The main issue we need to address is whether we want to restrict 
fallthrough in expression switches (or in the extreme case, prohibit it 
entirely.)

One argument why fallthrough might be desirable is that some existing 
statement switches that make use of fallthrough (such as string or 
packet parsers) could become expression switches; these frequently have 
a "main result" they want to return (such as the index of the next 
character), while at the same time recording some side state about the 
context.  Refactoring these to expression switches could be beneficial 
just as it is for many other statement switches.  On the other hand, it 
would also be reasonable say we should leave these cases in 
statement-world where they are now.

A form of fallthrough that I think may be more common in expression 
switches is when something wants to fall _into_ the default:

     int x = switch (y) {
         case "Foo" -> 1;
         case "Bar" -> 2;

         case null:
         default:
             // handle exceptional case here
     }

Because `default` is not a pattern, we can't say:

     case null, default:

here.  (Well, we could make it one.)  Though we could carve out an 
exception for such "trivial" fallthrough.

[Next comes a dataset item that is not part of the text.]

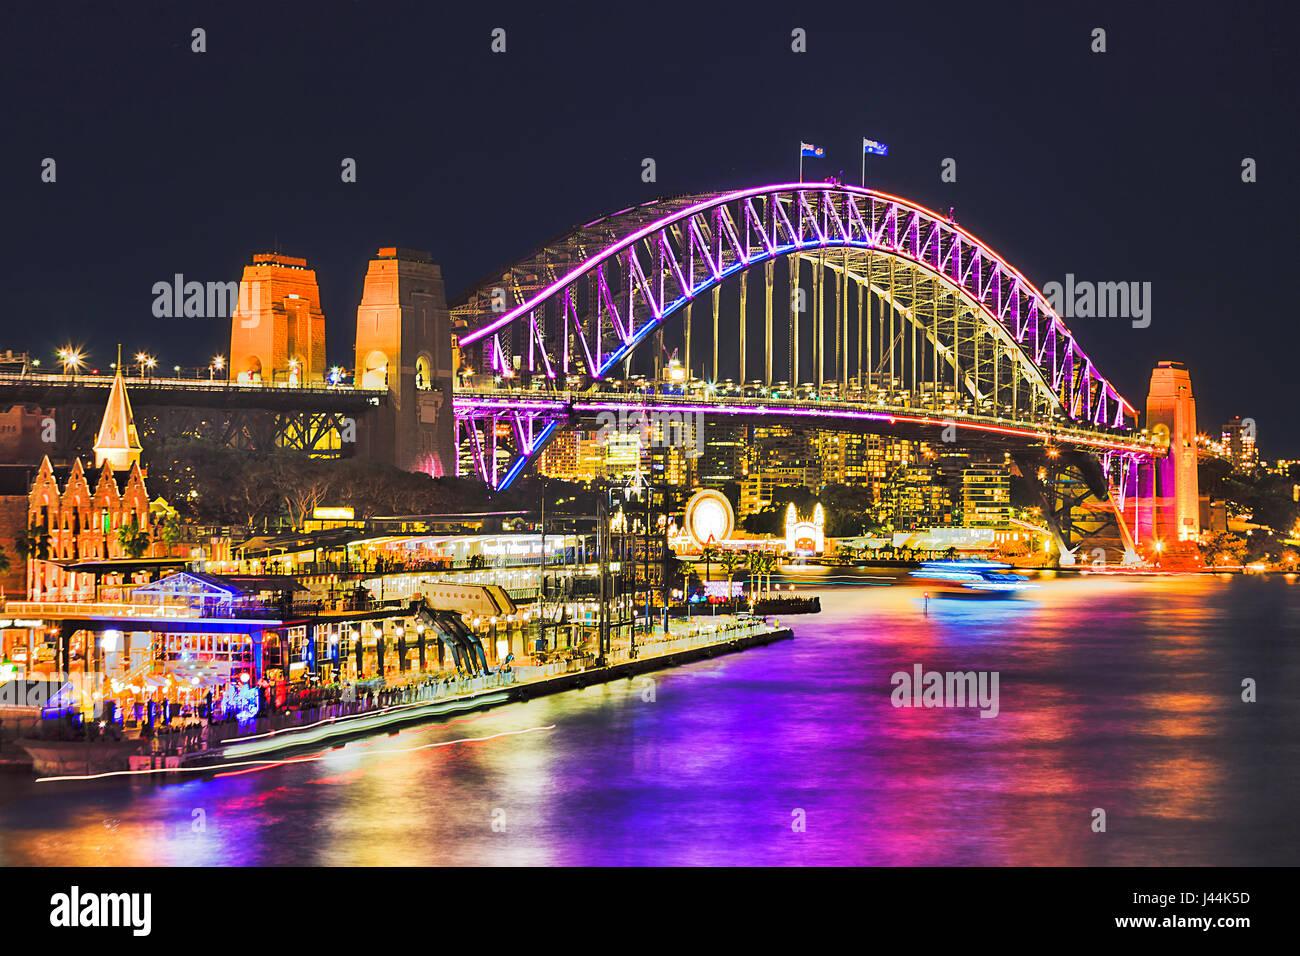 Enorme arcata del ponte del Porto di Sydney illuminato durante la luce annuale mostra Sydney vivid festival di Sydney. Immagini Stock

I think a reasonable restriction that might preserve flexibility while 
avoiding most accidental uses is to make it illegal to fall _into_ an 
arrow-labeled case; if you want fallthrough, stay in colon-world.  (It's 
impossible to fall _out of_ an arrow case.) Given that most users would 
rather live in arrow-world, this means that for practical purposes, 
there's no fallthrough in expression switches at all, but advanced users 
have a fallback that works just like the switch and fallthrough they've 
always known.

While it is not specific to expression vs statement switch, we should 
also ask whether we want to restrict fallthrough into certain kinds of 
pattern labels (i.e., those without binding variables), even in 
statement switch.  (I don't really see the point, though; I don't see a 
path to getting rid of the breaks, which would be the real payoff.)  
Further, because of the intersection rules about OR pattern, its more 
likely an accidental fallthrough from one pattern label to another would 
result in a compile error anyway.

#### -> in statement switch

Finally, people have asked about whether we should consider allowing 
`->` for statement switches too (perhaps on the theory that they're kind 
of like void-valued expression switches.)  I see the attraction here -- 
when the majority of actions are single-line, this would be a winner, 
and you could drop the breaks.  However, because the distribution of 
statement count in switch arms is all over the map, this would 
dramatically increase the the prevalence of mixed colon-and-arrow 
switches, and probably further exposing people to the risk of accidental 
fallthrough, as now break is needed sometimes and not others _in the 
same statement switch_.